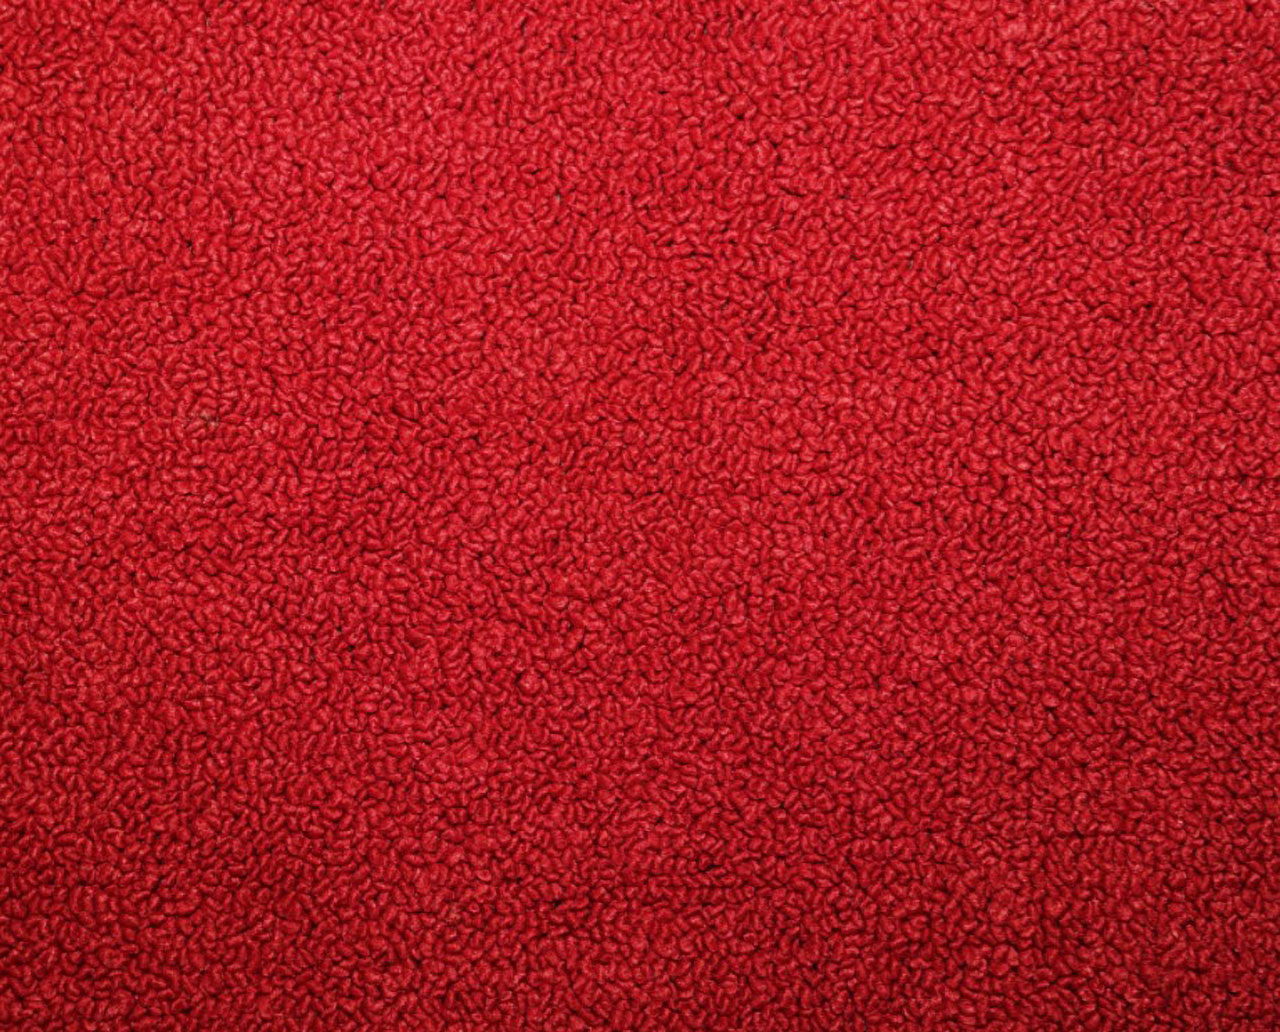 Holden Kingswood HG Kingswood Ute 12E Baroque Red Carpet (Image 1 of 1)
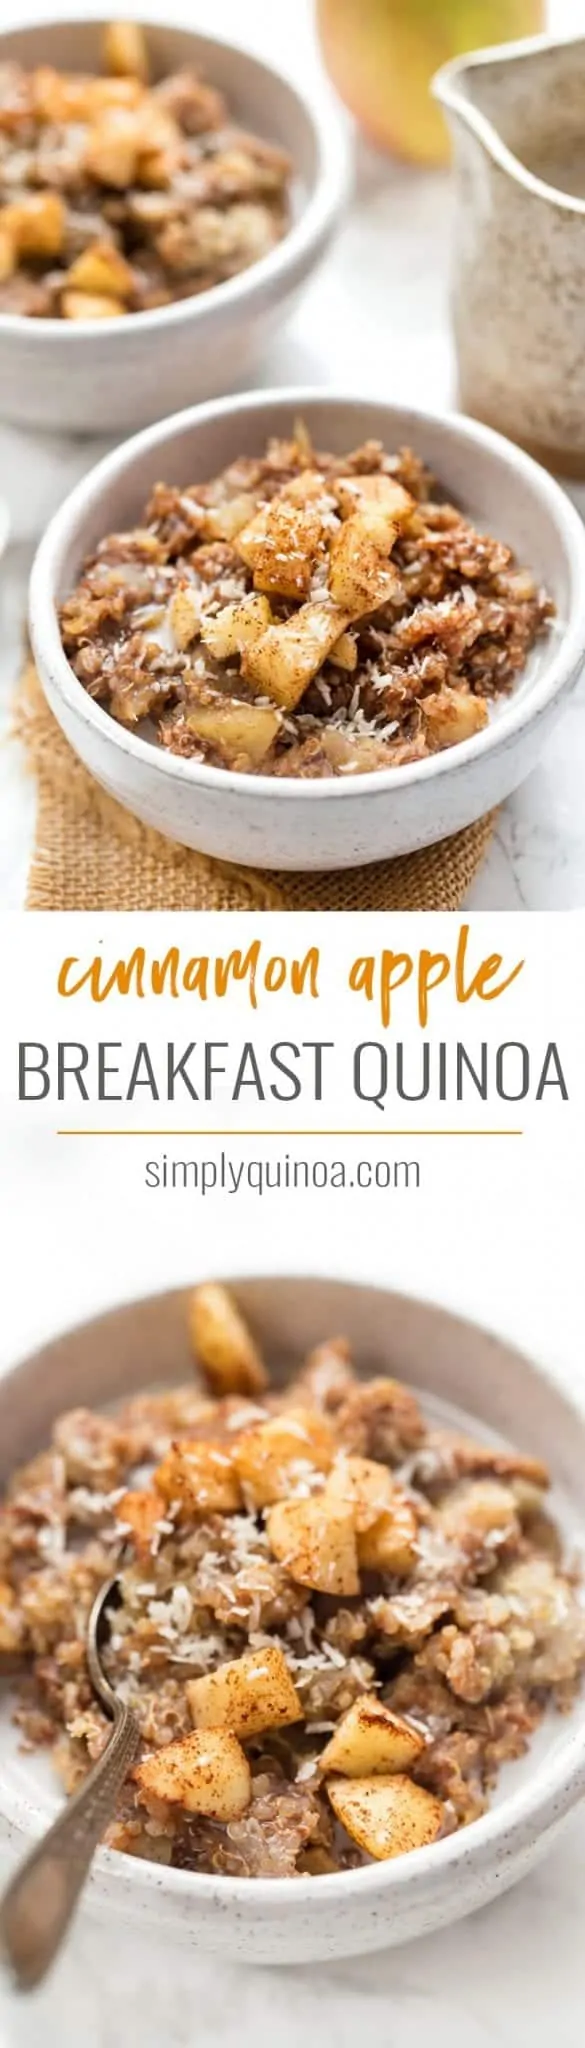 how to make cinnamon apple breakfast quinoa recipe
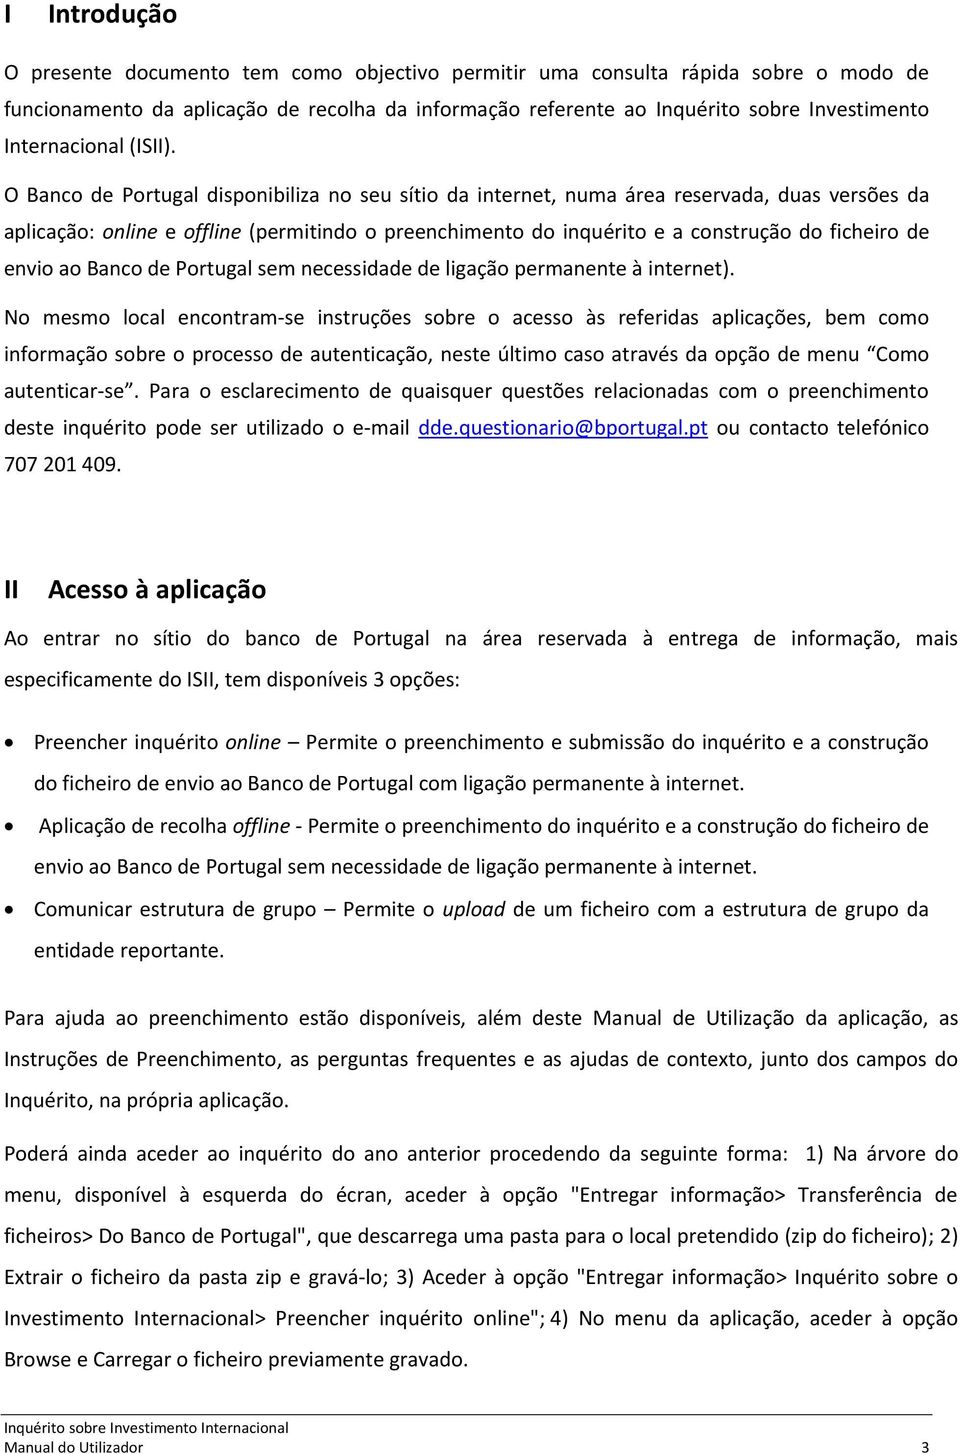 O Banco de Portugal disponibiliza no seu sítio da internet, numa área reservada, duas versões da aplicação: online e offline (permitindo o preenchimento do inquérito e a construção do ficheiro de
========
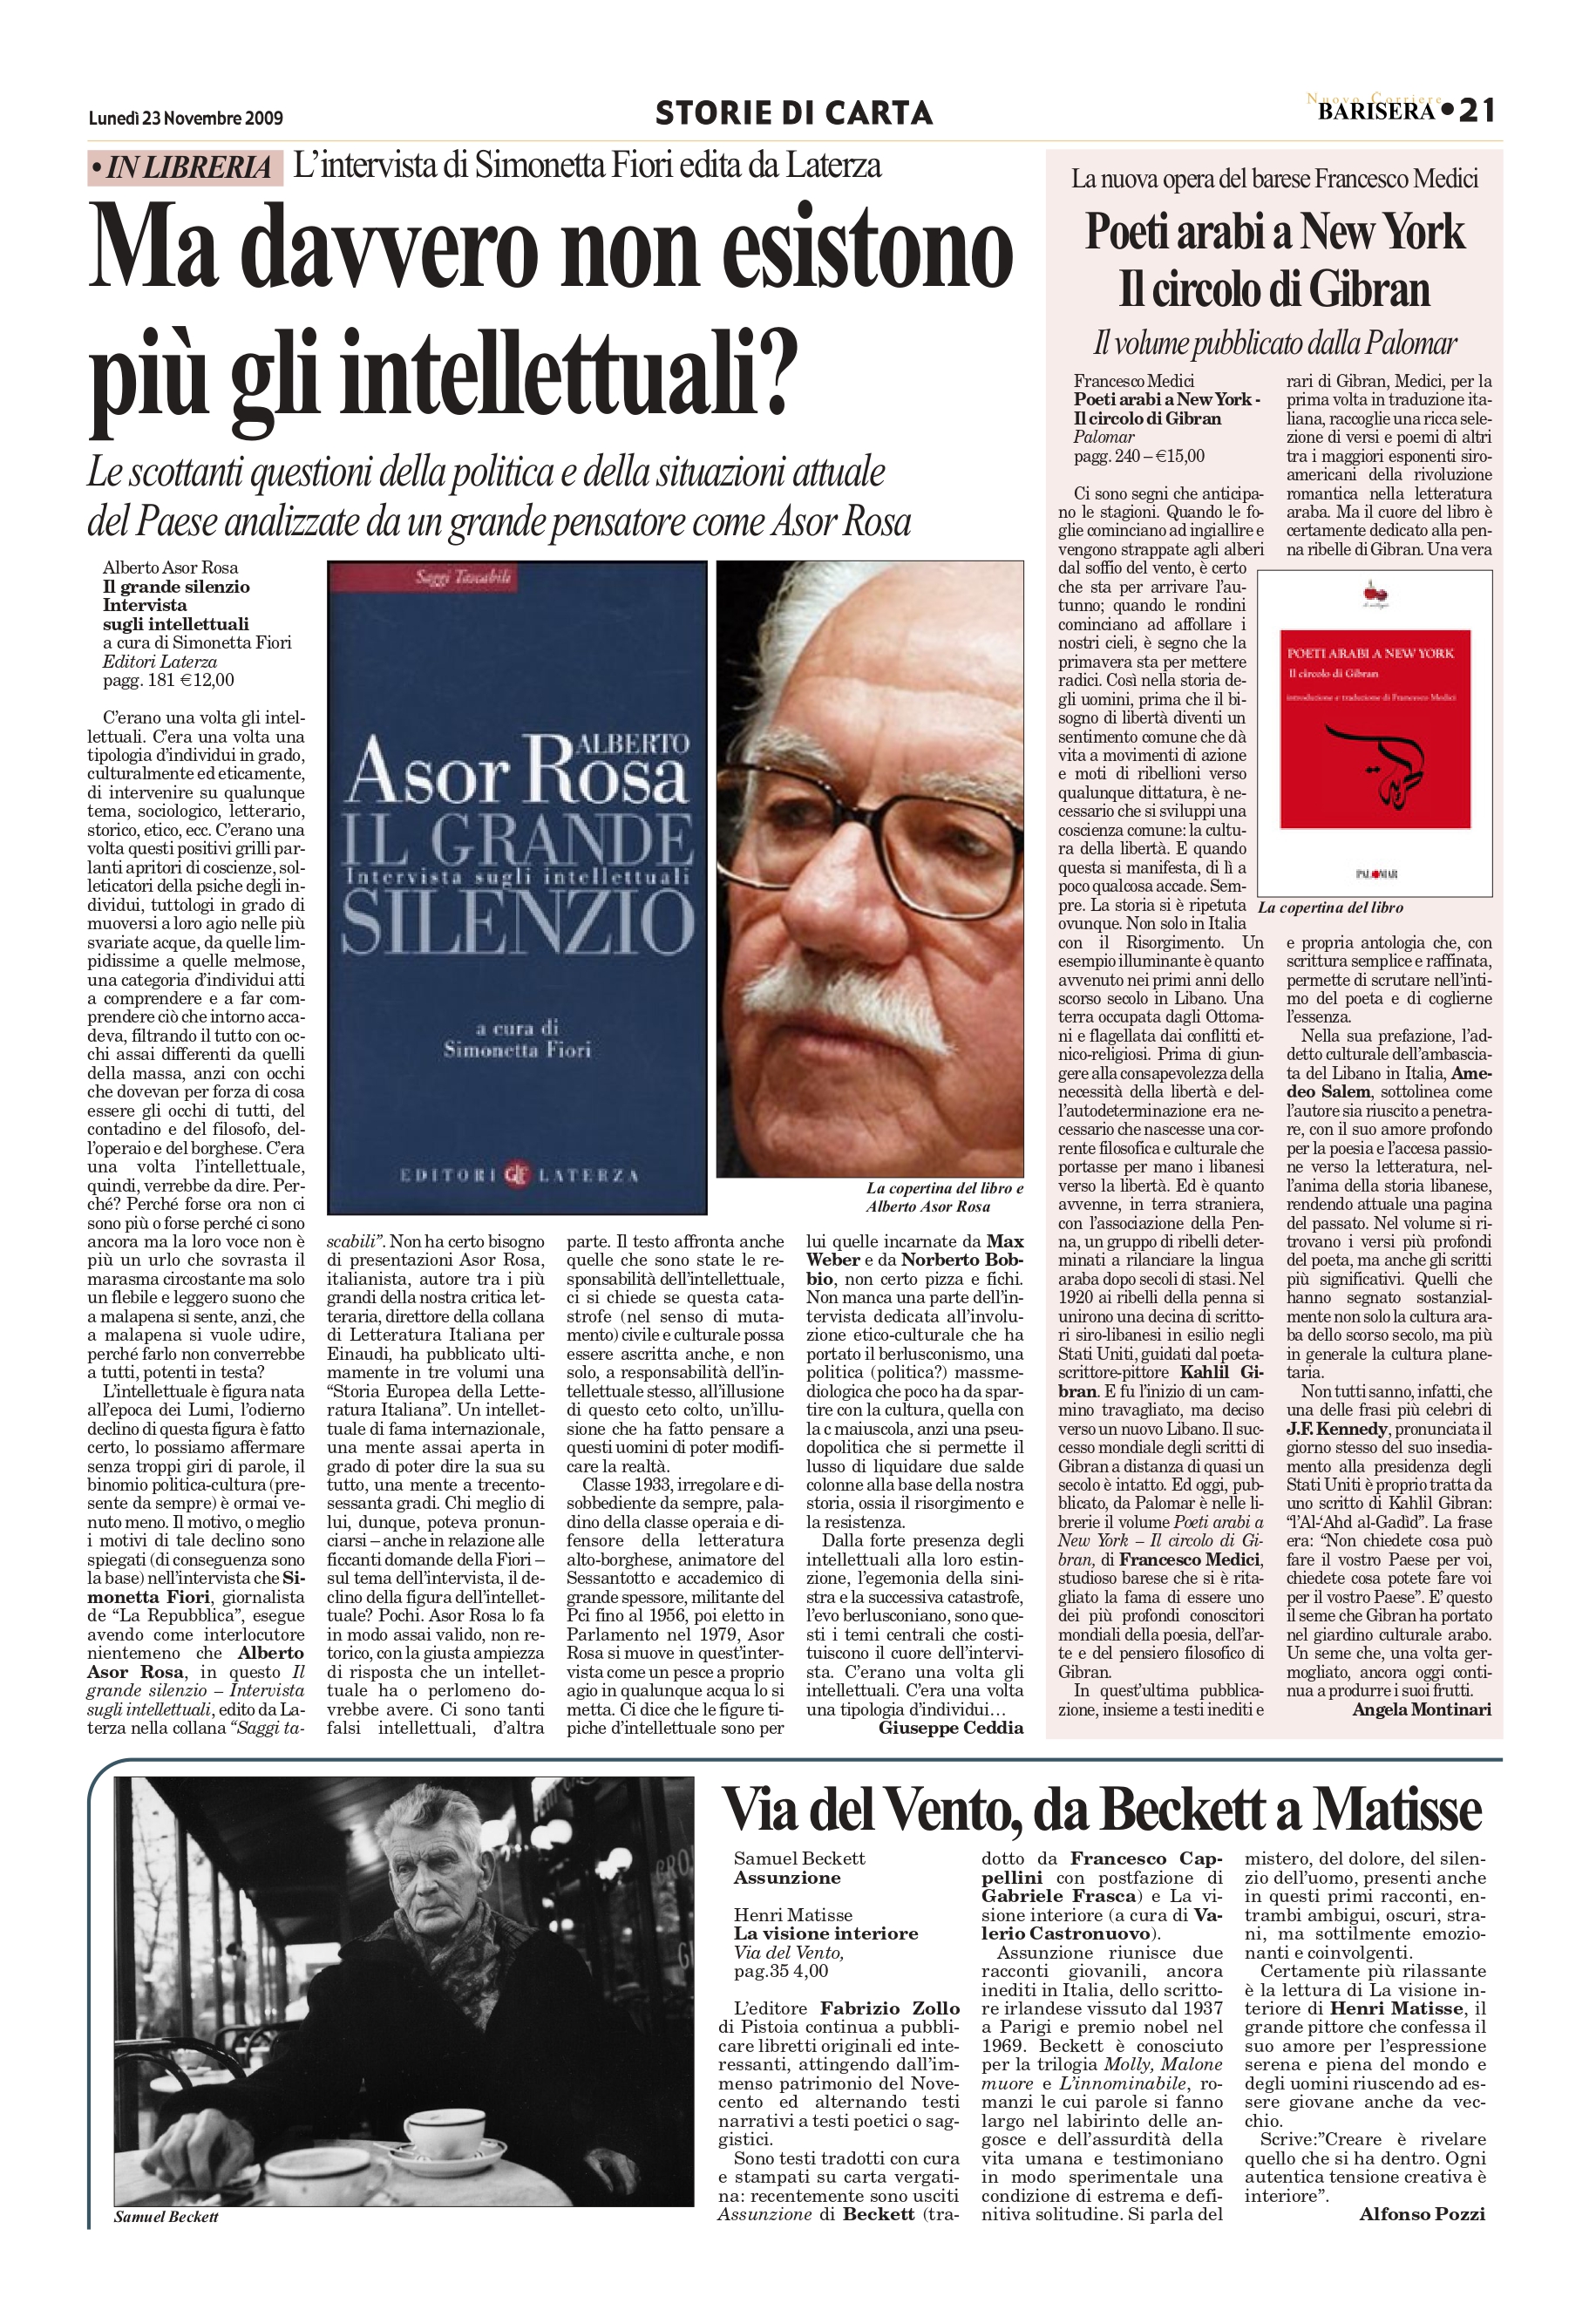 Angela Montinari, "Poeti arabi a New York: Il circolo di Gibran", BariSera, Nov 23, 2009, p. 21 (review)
========
Your objective = Set down, exactly as written above, each line from the one with "how to make" through the one with "O Banco de Portugal", and skip the pictures.

Response to the task =
 how to make cinnamon apple breakfast quinoa recipe
 O Banco de Portugal disponibiliza no seu sítio da internet, numa área reservada, duas versões da aplicação: online e offline (permitindo o preenchimento do inquérito e a construção do ficheiro de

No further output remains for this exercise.